Le président a souvent dénoncé l’enquête de M. Mueller comme une « chasse aux sorcières ». Il aurait même envisagé de limoger le procureur spécial. Cependant, ses avocats affirment que le président « coopère » avec M. Mueller et que M. Trump n’est pas directement visé par l’enquête. « Robert Mueller va boucler son enquête sous peu et rien n’en sortira », prédit M. Trump.

Un autre « Russiagate » ?

M. Trump ajoute que « la vraie histoire russe » est celle de l’implication d’Hillary Clinton dans le dossier scabreux monté par M. Steele et de l’implication du département d’État de Mme Clinton dans l’approbation, à l’insu du Congrès, d’un accord qui, en 2010, donna à l’agence russe de l’énergie atomique le contrôle d’un quart des réserves américaines d’uranium.

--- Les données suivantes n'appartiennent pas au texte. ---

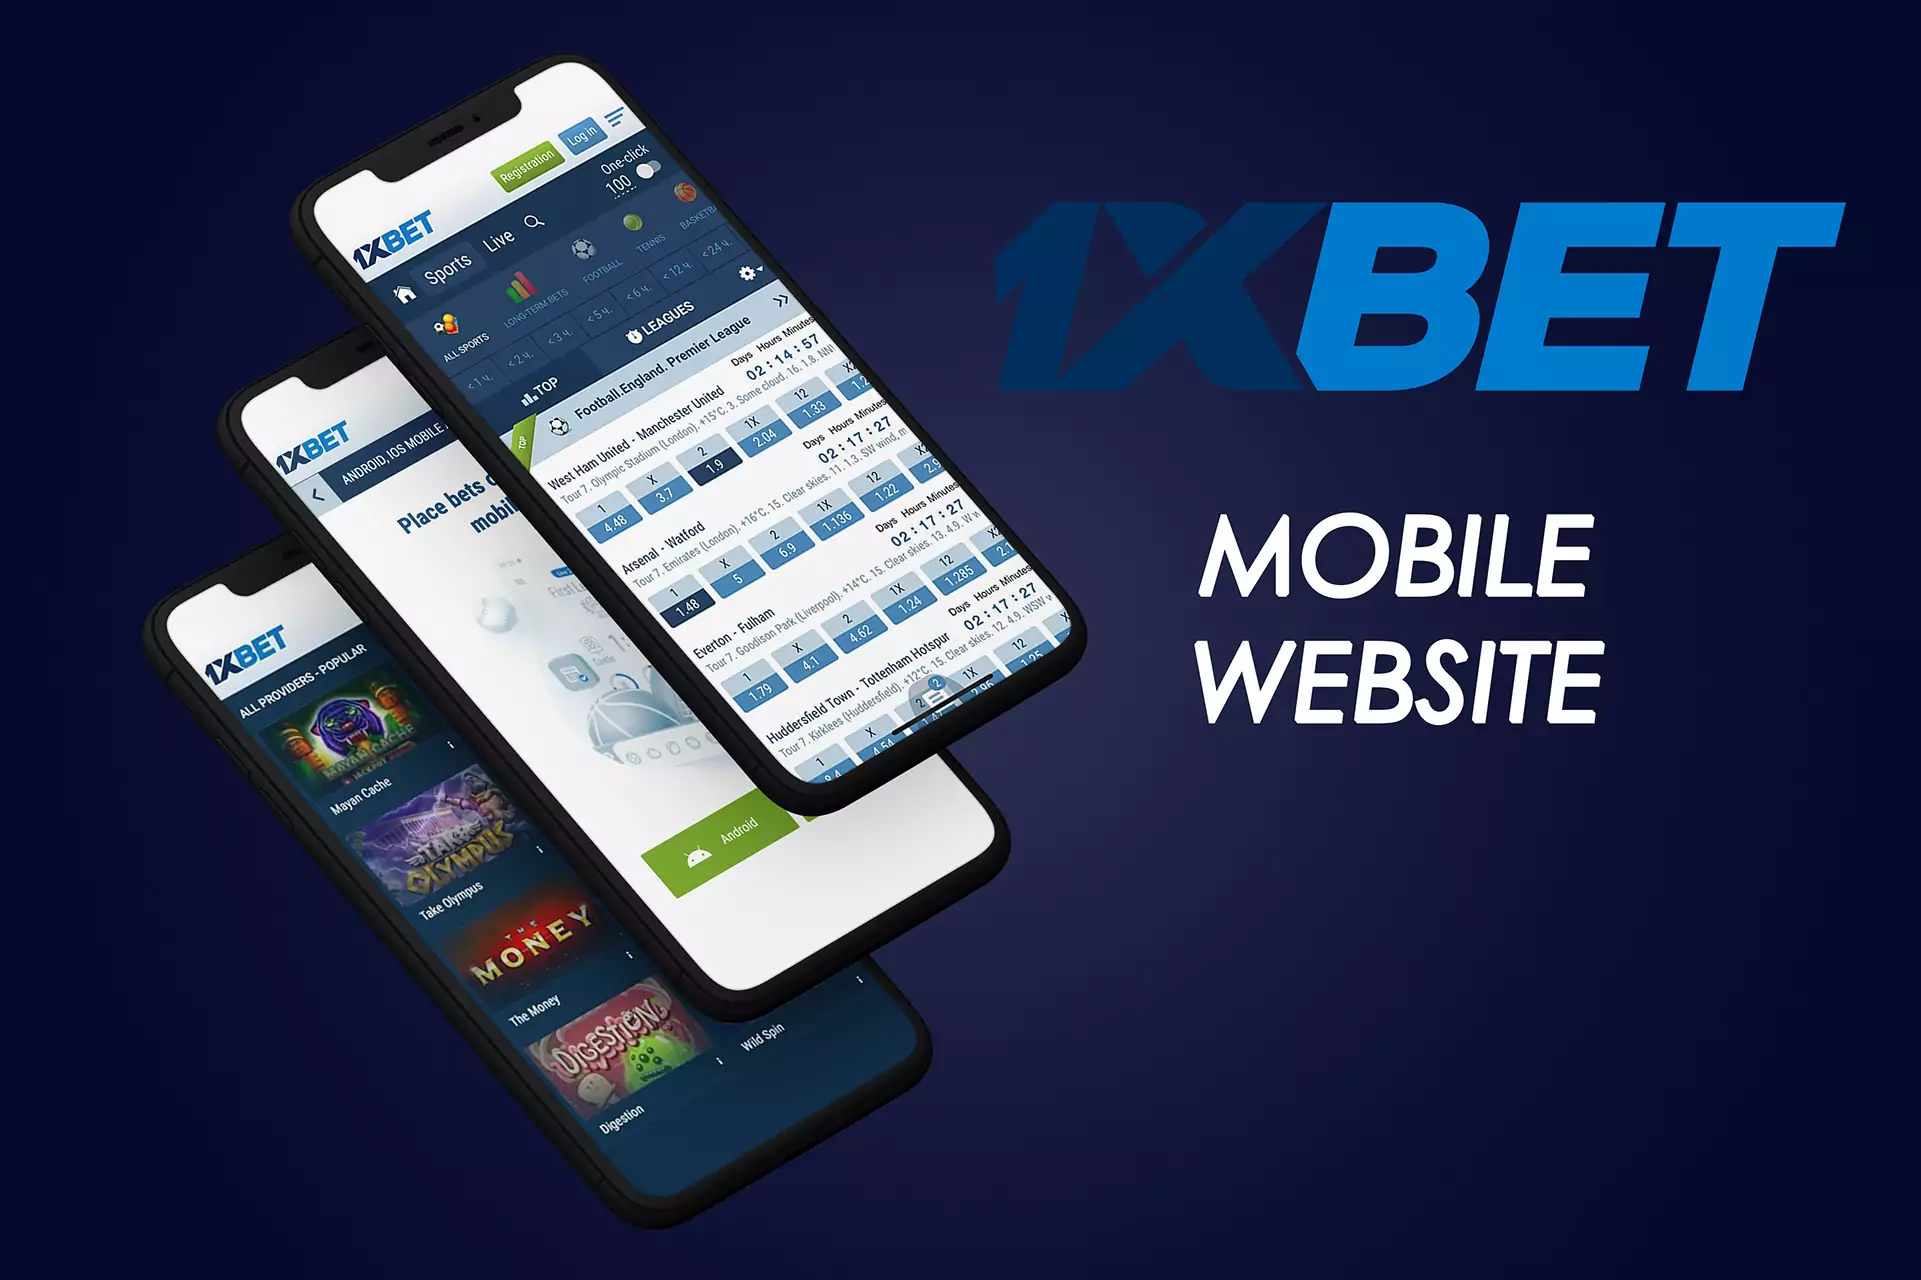 The functionality of the mobile version of the 1xBet website does not differ from the mobile app.

Au moins trois commissions du Congrès enquêtent désormais sur ces dossiers. « Rira bien qui rira le dernier », lance le président. « Balivernes », rétorque Mme Clinton, qui accuse les républicains de « faire diversion ».

Devant l’extrême polarisation de la vie politique américaine actuelle, il est douteux que les enquêtes fassent toute la lumière sur ces affaires russes.

Les enquêtes du « Russiagate »

Avril 2016. La campagne d’Hillary Clinton et le Parti démocrate paient Fusion GPS pour qu’elle charge l’ancien espion britannique Christopher Steele de dénicher des informations compromettantes sur les séjours de Donald Trump en Russie.

9 juin. Donald Trump fils, Jared Kushner et Paul Manafort rencontrent une avocate russe qu’un intermédiaire britannique présente comme porteuse d’informations émanant du gouvernement russe et compromettantes pour Hillary Clinton.

Juillet. Le FBI de James Comey ouvre en secret une enquête sur les allégations de contacts entre l’équipe Trump et le Kremlin.

6 janvier 2017. Le FBI, la CIA et la NSA publient un rapport indiquant que Vladimir Poutine avait ordonné une opération de propagande pour « discréditer » Hillary Clinton face à Donald Trump pendant la campagne présidentielle.

13 janvier. La Commission sénatoriale des renseignements ouvre une enquête.

13 février. Michael Flynn démissionne de son poste de conseiller chargé de la sécurité nationale.

27 mars. La Commission judiciaire du Sénat lance son enquête.

9 mai. Donald Trump limoge James Comey, directeur du FBI.

17 mai. Rod Rosenstein, ministre adjoint de la Justice, désigne comme procureur spécial le prédécesseur de M. Comey au FBI, Robert Mueller.

26 juillet. Robert Mueller ordonne au FBI de faire la première perquisition de l’enquête en forçant la porte du domicile de Paul Manafort.

3 août. Révélation que Robert Mueller a, des semaines auparavant, formé un grand jury.